Re: File and Folder Filters Sometimes Do Not Work

Post by Administrator »

Sorry, i cant reproduce this problem.

My settings:

Source folder: D:\AllDup\TEST2\
Folder Filter: "D:\AllDup\TEST2\[foobar]" or "[foobar]"

AllDup doesnt search inside the subfolder "[foobar]" if the folder filter is activated...
Synetech
Posts: 48
Joined: 19 Jan 2011, 09:32
Contact:

Post by Synetech »

:? Then maybe it’s something else, or something more complex like a combination of factors.

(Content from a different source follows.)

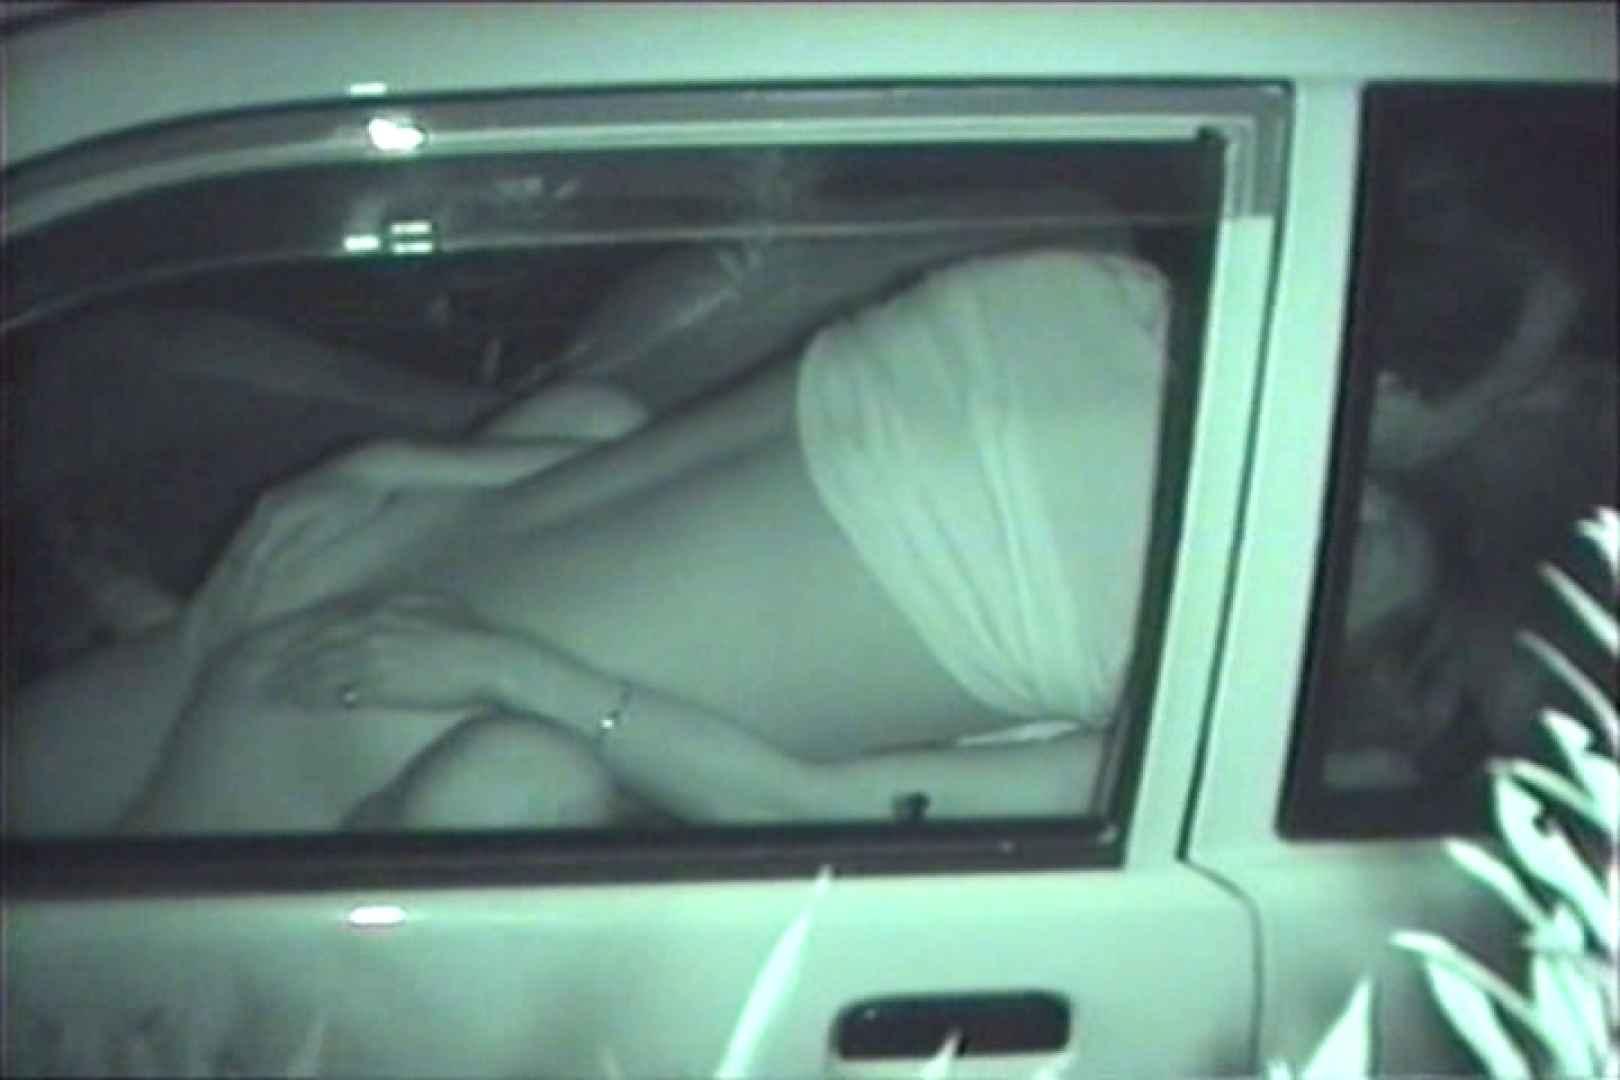 車の中はラブホテル 無修正版  Vol.18 ホテルでエッチ 盗撮動画紹介 49pic 5
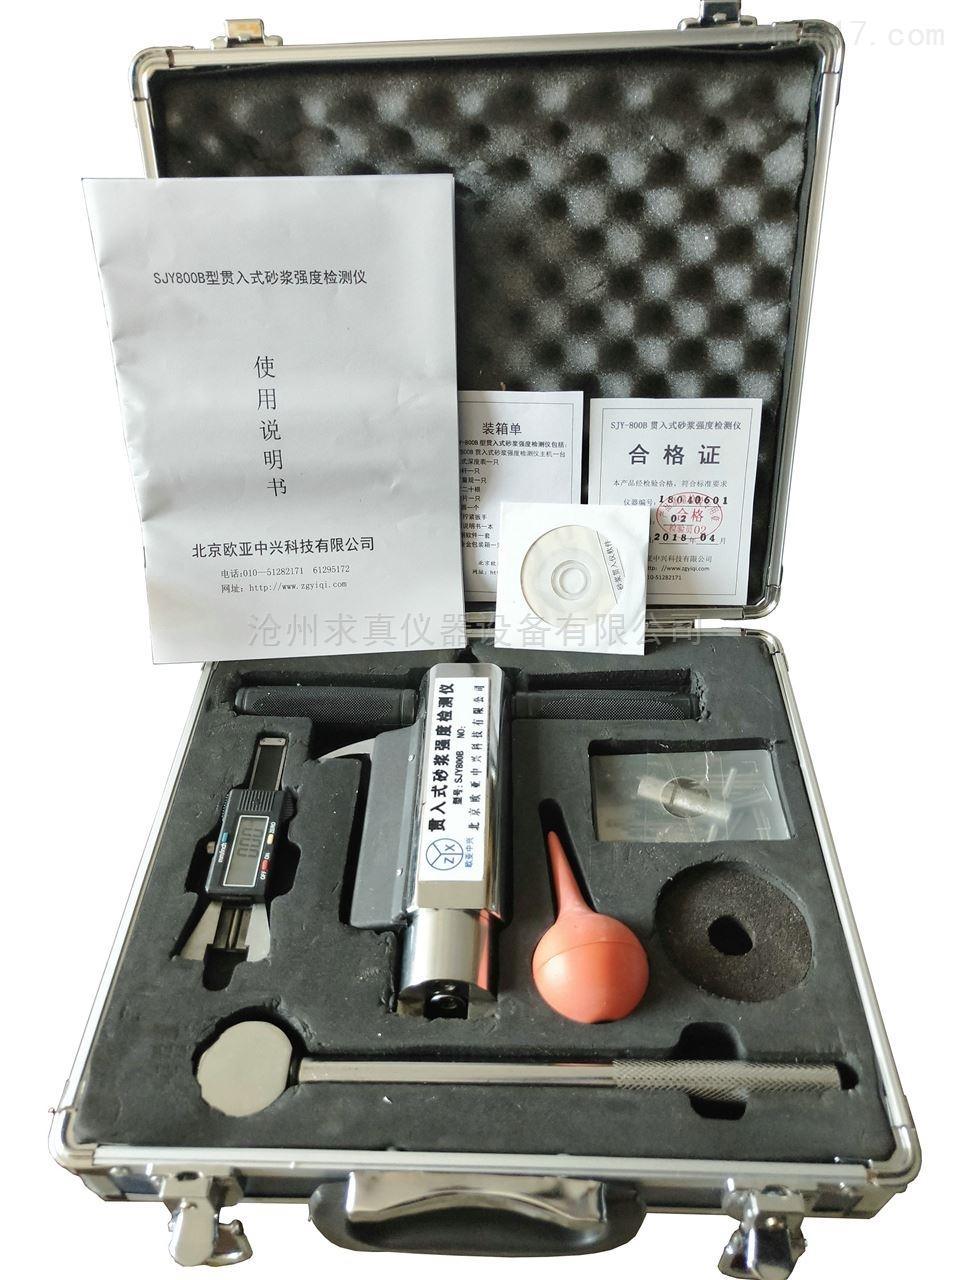 沧州求真仪器设备有限公司

I’ll try to do some more experiments to figure it out.
Administrator
Site Admin
Posts: 4047
Joined: 04 Oct 2004, 18:38
Location: Thailand
Contact:

Post by Administrator »

Synetech wrote:It had one when I first made the post, but it seems to have been stripped when I tried to use the Preview function.....
I cant reproduce the problem with the title:

Ive entered a title and used the preview function.
Title ok.
I added quotes to the title at the preview function and send the message.
Title ok.

Can you help me to reproduce this problem?
Synetech
Posts: 48
Joined: 19 Jan 2011, 09:32
Contact:

Re: File and Folder Filters Sometimes Do Not Work

Post by Synetech »

I did some tests and got a couple of important results:
  • If the file or folder contains a “#” in the name, then adding that to the filter will not work. The function that processes the filters has a problem with the “#” character
  • If you use a wildcard (e.g., “*”) in a filter, it could crash AllDup if there are certain special (non-alphanumeric) characters around it
You can reproduce it as follows:
  • Create a folder (e.g., C:\AllDupTest)
  • Create a couple of sub-directories (e.g., C:\AllDupTest\B, C:\AllDupTest\C)
  • Copy a file to both of the sub-directories
  • Run AllDup on the parent (C:\AllDupTest)
  • When it shows the results, add one folder (e.g., C) to the folder filter
  • Run the scan again; it should find no duplicates. Good
  • Rename the folder to have “#” in it (e.g., C#)
  • Run the scan again; it should find the duplicates again. Good
  • Add the renamed folder (C#) to the folder filter
  • Run the scan again; it should not find the duplicates but it does. Bad
You can do the same thing happens with the file filter; add a file filter like foobar#.txt and it will not work.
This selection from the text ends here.